Regarding claim 5, Kanungo discloses the smart mobile terminal is further configured to convert the text into a speech (¶57, processor 120 instructs audio output device 208 to output “calling Mom”; per ¶45, electronic device 101 / processor 120 (i.e., smart glasses) can request electronic device 102 (i.e., mobile phone) to perform this task), and send the speech to the smart glasses (¶57 and Fig. 2, request electronic device 102 (i.e., mobile phone) to instruct audio output device 208 (built into electronic device 101 / smart glasses) to output “calling Mom”);
the smart glasses are further configured to receive the speech through the wireless communication interface, play the speech through a built-in speaker (¶57, instruct audio output device 208 (built into electronic device 101 / smart glasses) to output “calling Mom”), obtain a second user speech through the microphone, and send the second user speech to the smart mobile terminal through the wireless communication interface (¶57, receive “start Dobby at 8 pm at 425 degrees” via audio input device 206 (per ¶36, a microphone input device) and request electronic device 102 (i.e., mobile phone) to process the utterance into encoded utterance per ¶45, which requires communicating the utterance to electronic device 102 via communication interface 170 per ¶¶43-44); and
the smart mobile terminal is further configured to convert the second user speech into a second text using the speech-to-text engine (¶45 and ¶49, processor 120 can request electronic device 102 to perform automated speech recognition tasks), perform a semantic parsing on the second text, generate, through the prompt generator, the second prompt message based on the parsed semantics in the second text (¶57, create an encoded utterance using delexicalization (see Fig. 4); ¶45, processor 120 can request the electronic device 102 to perform this function / create the encoded utterance or prompt), and send the second prompt message to the model server (¶36 and ¶58, request electronic device 102 (i.e., mobile phone) to transmit encoded utterance to server 106).

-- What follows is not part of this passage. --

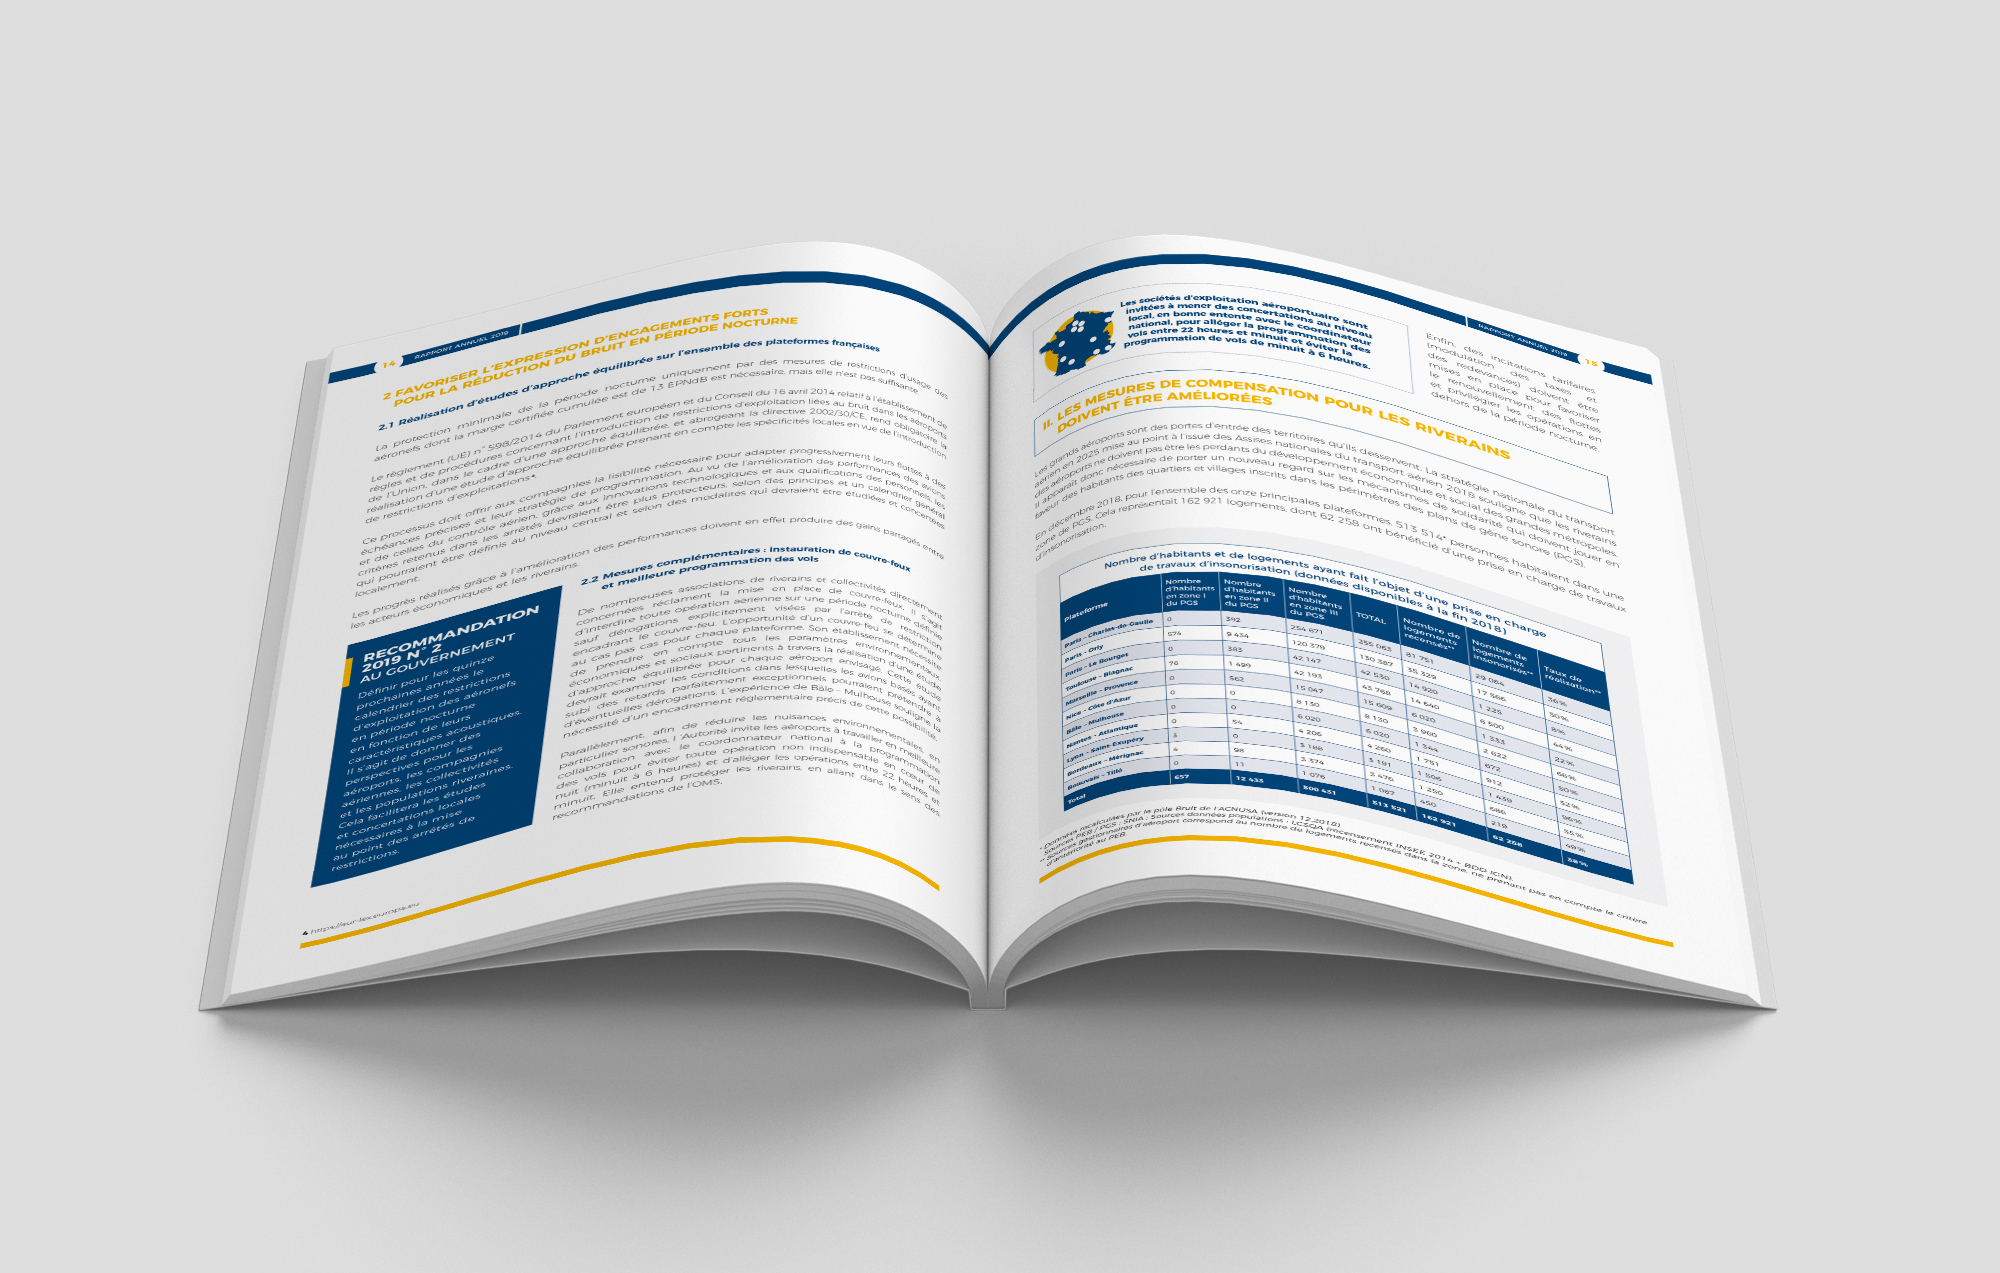 ACNUSA-Rapport-annuel-2019-conception-wala-studio-graphique2

Kanungo does not disclose using a text-to-speech engine to convert the text into speech, send the speech to the smart glasses through the Bluetooth, and send the second user speech to the smart mobile terminal through the Bluetooth.
Jung teaches a smart wearable device system (Fig. 1, AI device 10) comprising a smart wearable device (¶50, glass type AI device (a smart glass)) and a smart mobile terminal (¶296, AI device 10 supported like a mobile device) communicating with each other via Bluetooth (¶98), where the smart mobile terminal converts text into speech through a text to speech engine (¶196 and Fig. 5, processor 180 of AI device 10 includes speech synthesis engine 550).
It would’ve been obvious to one ordinarily skilled in the art before the effective filing date of the invention to use a text to speech engine on a smart mobile terminal to convert text into speech, send the speech to the smart glasses through Bluetooth, and send the second user speech to the smart mobile terminal through the Bluetooth in order to transmit and receive data from external devices through wireless communication technologies (Jung, ¶97).
Kanungo does not disclose wherein the model server is further configured to determine, through the GAILLM, whether there is information needs to be supplemented or confirmed based on the at least one first prompt message.
Pitschel teaches a system (Fig. 3A and Col 7, Rows 15-26, digital assistant system 300 comprising a client portion / user device 104 and server portion server system 106/108) comprising an AI language model server and a smart terminal / user device (Fig. 1 and see Col 4, Rows 4-17 and Rows 38-48, client-server digital assistant comprising a server storing AI models (Col 1, Rows 40-41 and Col 4, Rows 24-25, Col 16, Rows 26-31, trained AI language model)) wherein the AI language model server is further configured to determine, through the AI language model, whether there is information needs to be supplemented or confirmed based on the at least one first prompt message (Col 9, Rows 49-56, speech to text processing module 330 uses language models to recognize speech input for conversion into sequence of words; Col 10, Rows 6-14, NLP module 332 associate words with actionable intents representing a task that can be performed by the digital assistant; Col 13, Rows 40-56, for “Make me a dinner reservation at a sushi place at 7”, identify actionable intent “restaurant reservation” and determine that the user utterance contain insufficient information to complete an associated structured query).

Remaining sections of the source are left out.